6. The device according to claim 4, wherein the acoustic matching region is formed in a semiconductor material body arranged between the first substrate and the second substrate.

7. The device according to claim 5, wherein the acoustic matching region is a first acoustic matching region, the device further comprising a second acoustic matching region arranged between the second substrate and the acoustically attenuating region.

8. The device according to claim 7, wherein the second acoustic matching region is formed in the second substrate.

9. The device according to claim 4, wherein the acoustic matching region is arranged between the second substrate and the acoustically attenuating region.

10. The device according to claim 9, wherein the acoustic matching region is formed in the second substrate.

11. The device according to claim 9, wherein the acoustic matching region is formed in a semiconductor material body arranged between the second substrate and the acoustically attenuating region.

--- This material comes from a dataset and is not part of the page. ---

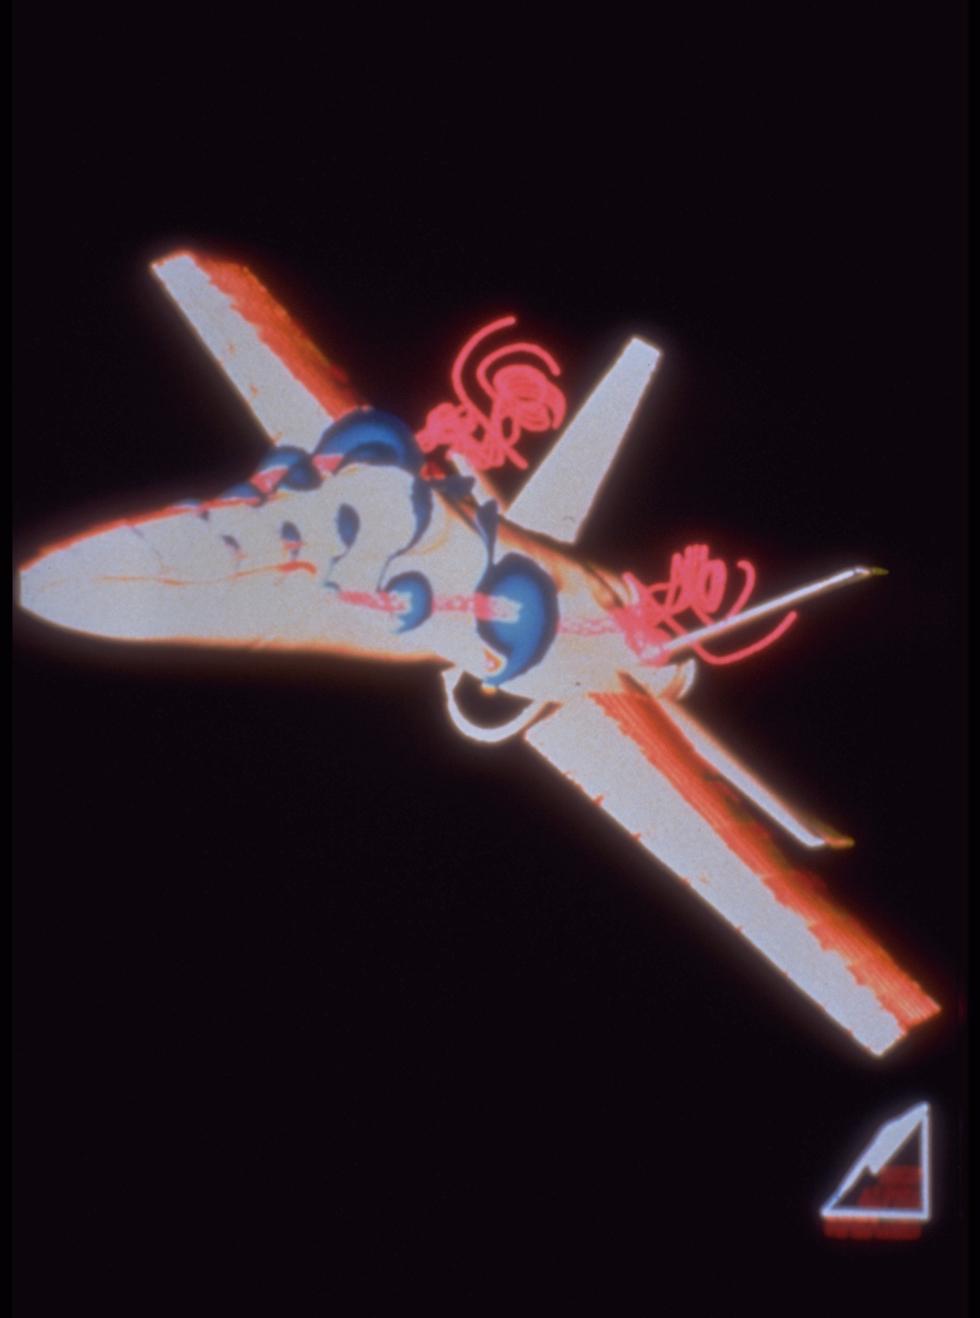 F-18, 1990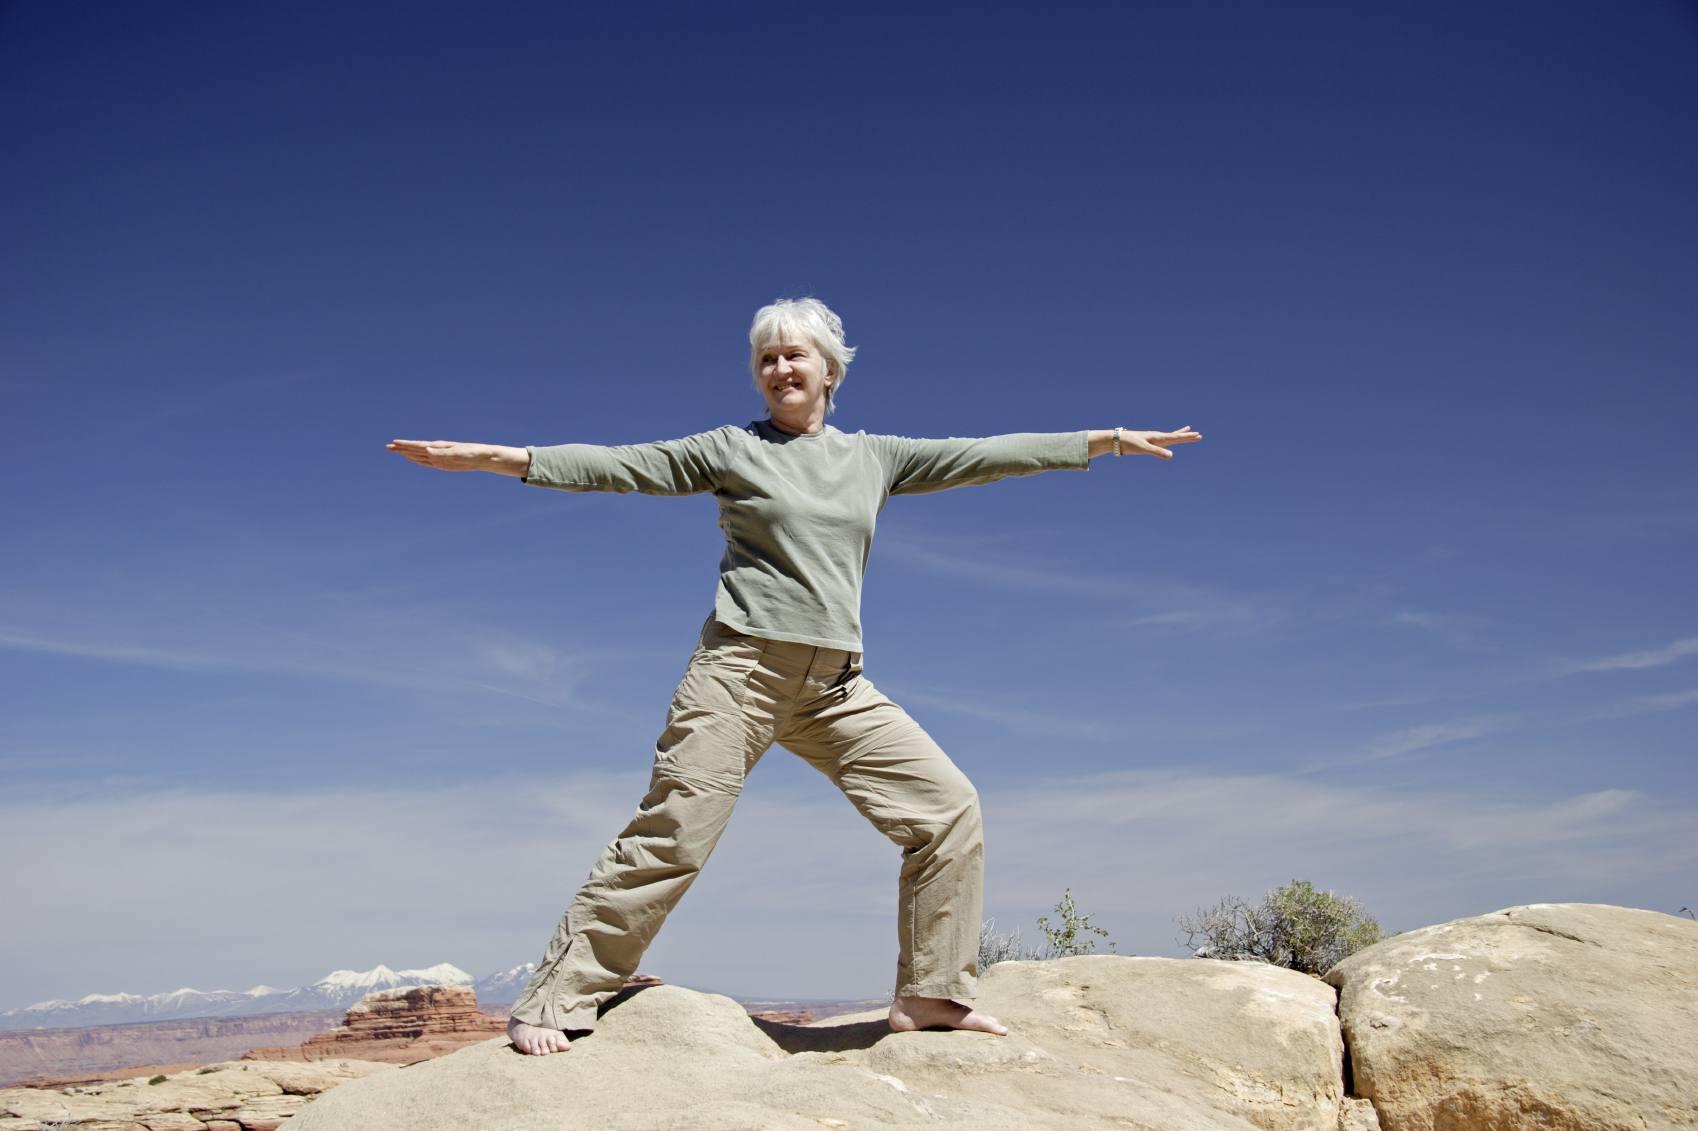 Losing Balance? Falls? Don't Fear!

12. The device according to claim 10, wherein the second acoustic matching region is formed in a semiconductor material body arranged between the second substrate and the acoustically attenuating region.

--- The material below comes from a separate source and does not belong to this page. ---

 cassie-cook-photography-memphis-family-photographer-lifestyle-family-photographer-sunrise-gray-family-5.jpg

13. The device according to claim 3, wherein the first acoustic matching element comprises a variable impedance layer.

14. The device according to claim 13, wherein the acoustic matching region has a first interface with a first element chosen between the acoustic transducer element and the second substrate and a second interface with a second element chosen between the second substrate and the acoustically attenuating region, the first element having a first impedance and the second element having a second impedance, and the acoustic matching region has a third impedance in proximity of the first interface, matched to the first impedance, and a fourth impedance in proximity of the second interface, matched to the second impedance.

15. The device according to claim 14, wherein the acoustic matching region is of porous silicon.

16. The device according to claim 15, wherein the acoustic matching region has a plurality of pores, wherein the sizes of the pores are variable between the first and second interfaces.

17. The device according to claim 15, forming an ultrasonic transducer.

18. The device according to claim 1, wherein the acoustic matching region is made of porous silicon.

19. The device according to claim 18, wherein the porous silicon acoustic matching region includes a plurality of pores, and wherein sizes of the pores are variable between a first interface facing the acoustic transducer element and a second interface facing the acoustically attenuating region.

20. The device according to claim 19, wherein a size of the pores at the first interface produces an acoustic impedance matching an acoustic impedance of a material supporting the acoustic transducer element and a size of the pores at the second interface produces an acoustic impedance matching an acoustic impedance of a material supporting the acoustically attenuating region.